Traditional rate limits require predefined request-per-minute (RPM) thresholds per endpoint. At scale (hundreds of agent components), this is impractical. As agentic systems evolve, traffic patterns change dramatically, making static limits brittle and ineffective.

Agent traffic varies significantly by component type (e.g., `/chat-agent` vs `/data-retrieval-agent`) and over time (e.g., peak usage hours, marketing campaigns, or viral AI features).
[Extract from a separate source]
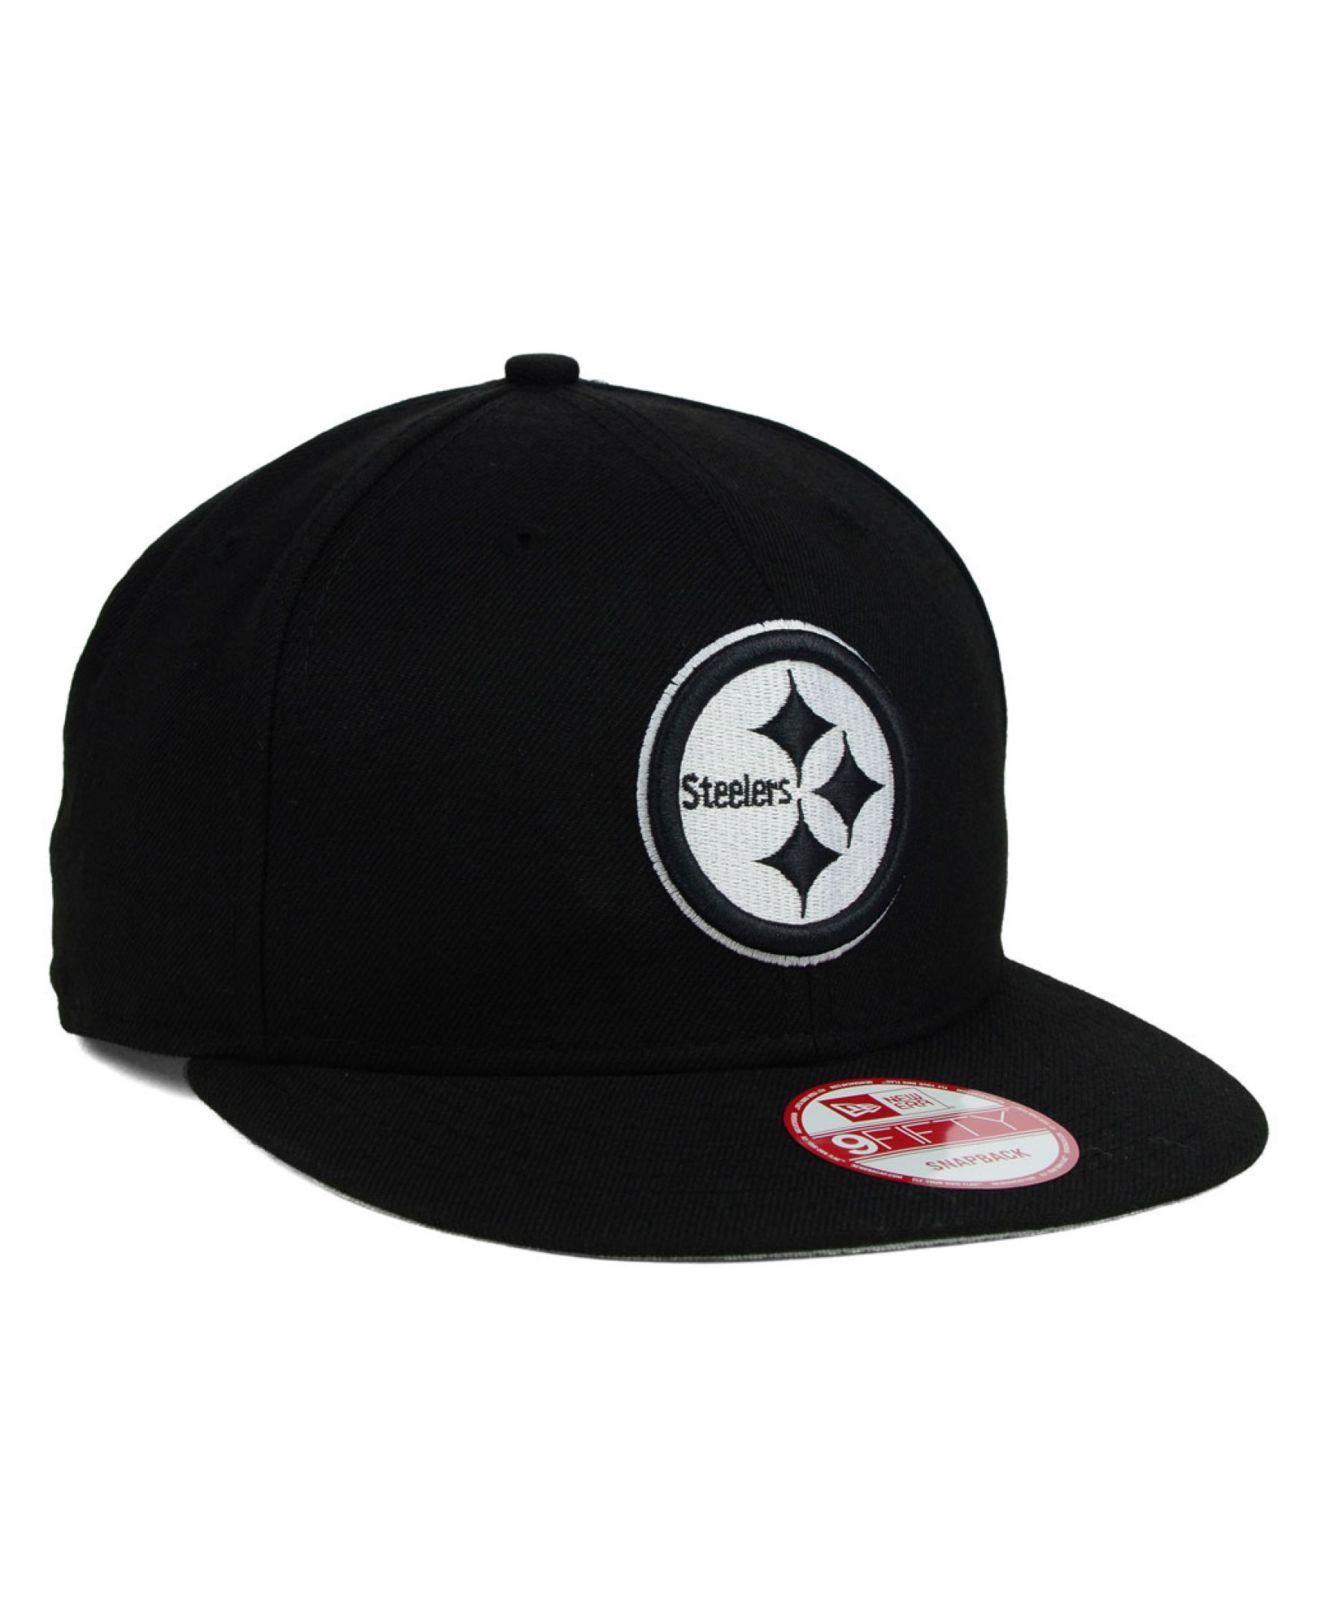 43d527e17 Lyst - KTZ Pittsburgh Steelers Black White 9Fifty Snapback Cap in ...
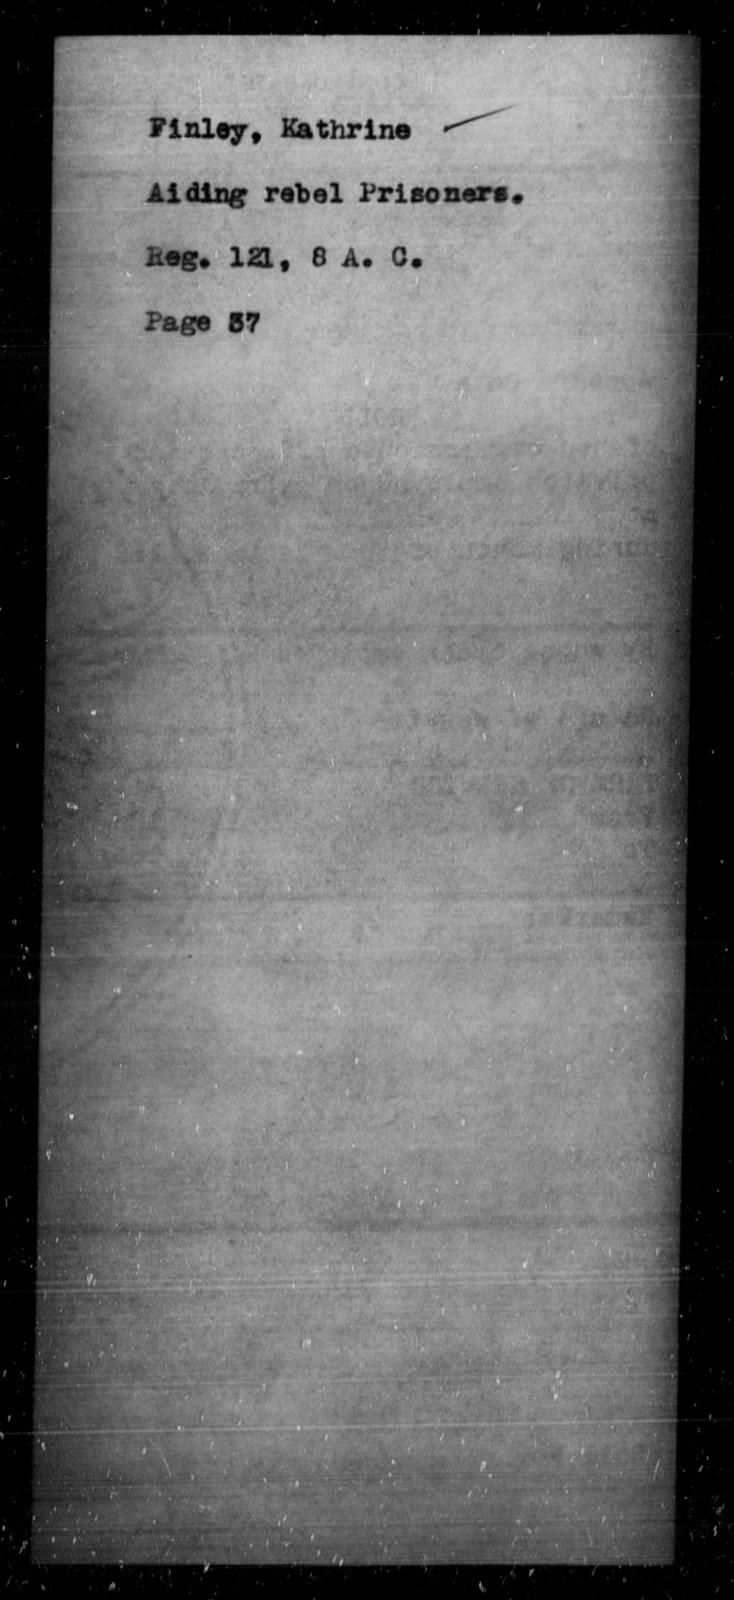 Finley, Kathrine - State: [Blank] - Year: [Blank]

Akto learns per-component baselines and adapts as patterns shift, providing intelligent protection against agent abuse.

## Key Innovations

**Adaptive Learning**: Learns real agent usage patterns over time

* Analyzes historical invocation patterns for each agent component
* Distinguishes between normal usage spikes and abusive behavior
* Continuously updates baselines as your agentic system evolves

**Component-Specific Baselines**: Builds per-component rate limits

* Different limits for different agent types (chat agents, tool agents, MCP servers)
* Accounts for varying computational costs of different agents
* Adapts to individual component characteristics

**Dynamic Adaptation**: Adjusts to traffic spikes and longer-term shifts

* Handles legitimate usage increases gracefully
* Detects and blocks abnormal agent invocation patterns
* Protects against resource exhaustion and denial-of-service

## How to Configure

By default, Akto Guardrail Protection applies a global rate limit rule to all agent components.

To change settings, go to **Settings → Guardrail Configuration → Agent Rate Limits**.

### Default Configuration

Global dynamic rule that auto-learns per-component baselines over 2 days. Uses p75 with 20% overflow and 0.5 confidence to throttle anomalies.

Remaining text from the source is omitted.